Dgraph—though primarily designed for OLTP—has robust features that make it capable of addressing OLAP needs by leveraging its graph structure and Dgraph Query Language (DQL).

Relationships form the dimensionality

In Dgraph, relationships between nodes naturally form the dimensions required for OLAP-style analysis.

DQL's aggregation and math functions, combined with thoughtful graph design, allow you to create a comprehensive analytical solution directly within Dgraph.

The examples below use a dataset about donations to public schools in the U.S. built from public data provided by DonorsChoose.org in a Kaggle project dataset.

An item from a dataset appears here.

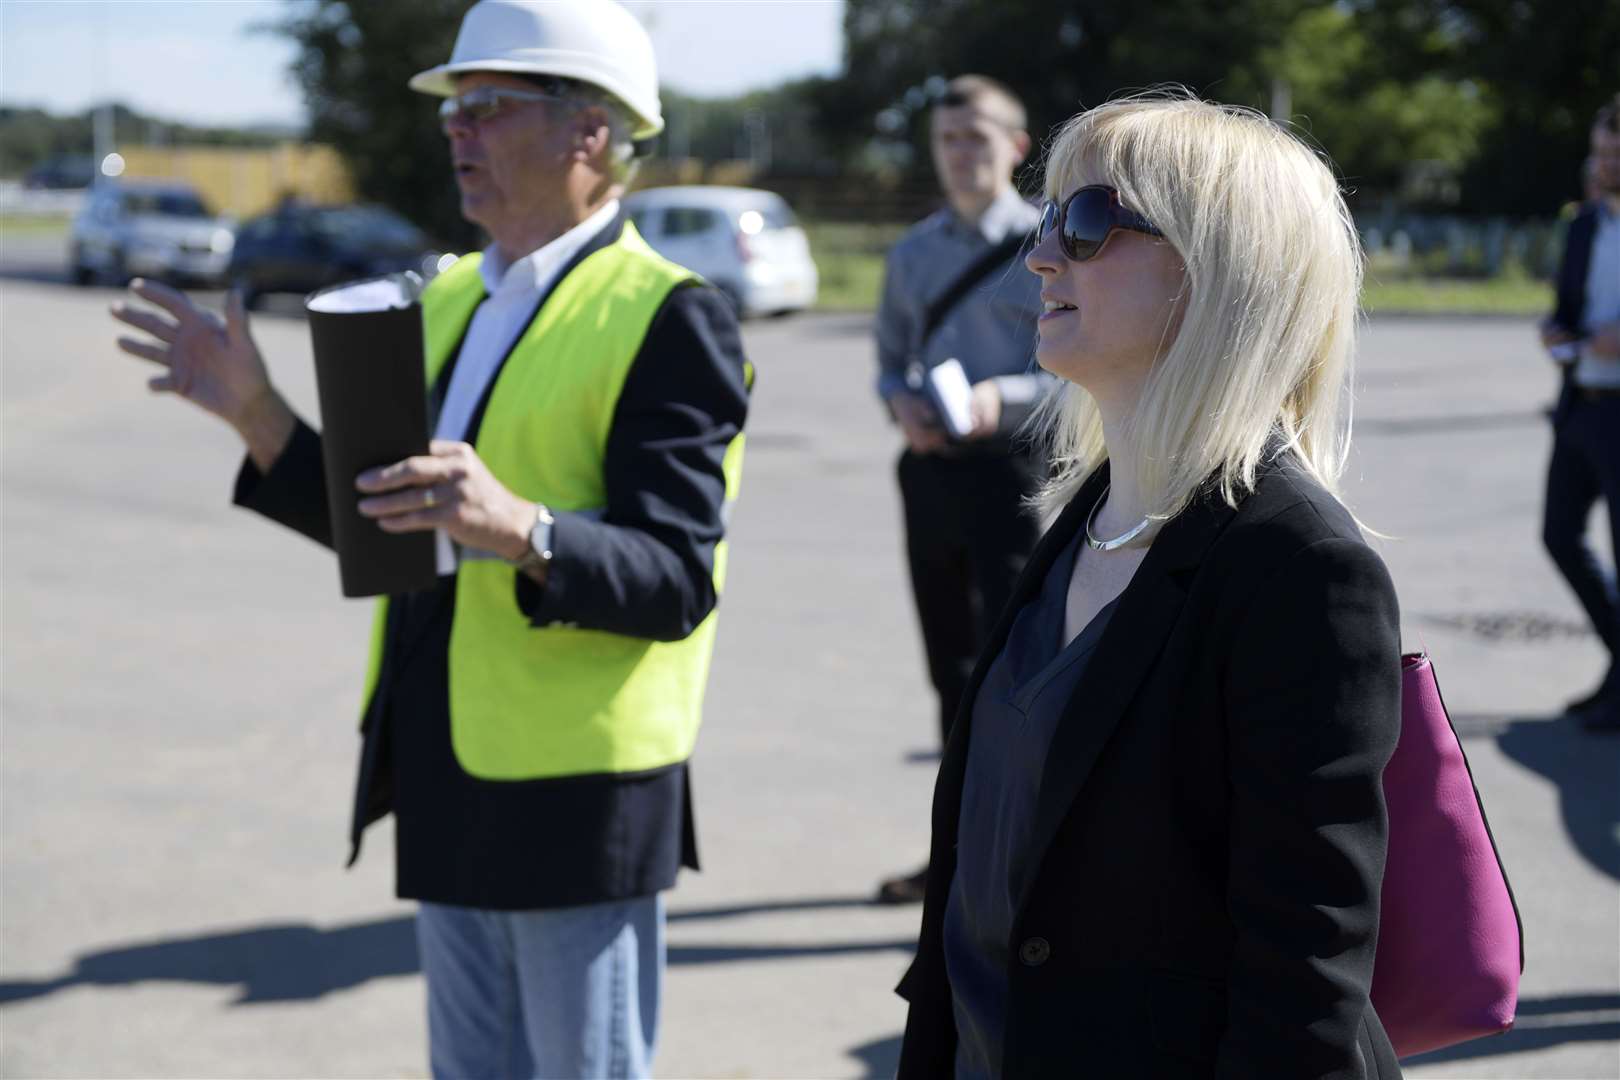 Richard Lavender, president of the Kent Invicta Chamber of Commerce, with MP Rosie Duffield at the site

You can also find the data ready to load into Dgraph in this Dgraph benchmarks GitHub repository.

Basic count

# number of projects per school
{
  stats(func:type(School)) {
     School.name
     count(~Project.school)
  }
}

Dgraph returns the school names and the count result:

{
  "data": {
    "stats": [
      {
        "School.name": "Abbott Middle School",
        "count(~Project.school)": 16
      },
      {
        "School.name": "Lincoln Elementary School",
        "count(~Project.school)": 7
      },
      {
        "School.name": "Rosemont Early Education Center",
        "count(~Project.school)": 5
      },
    ]
  }
}

DQL's block structure and alias feature allow you to align query responses with a format easily consumable by a visualization tool.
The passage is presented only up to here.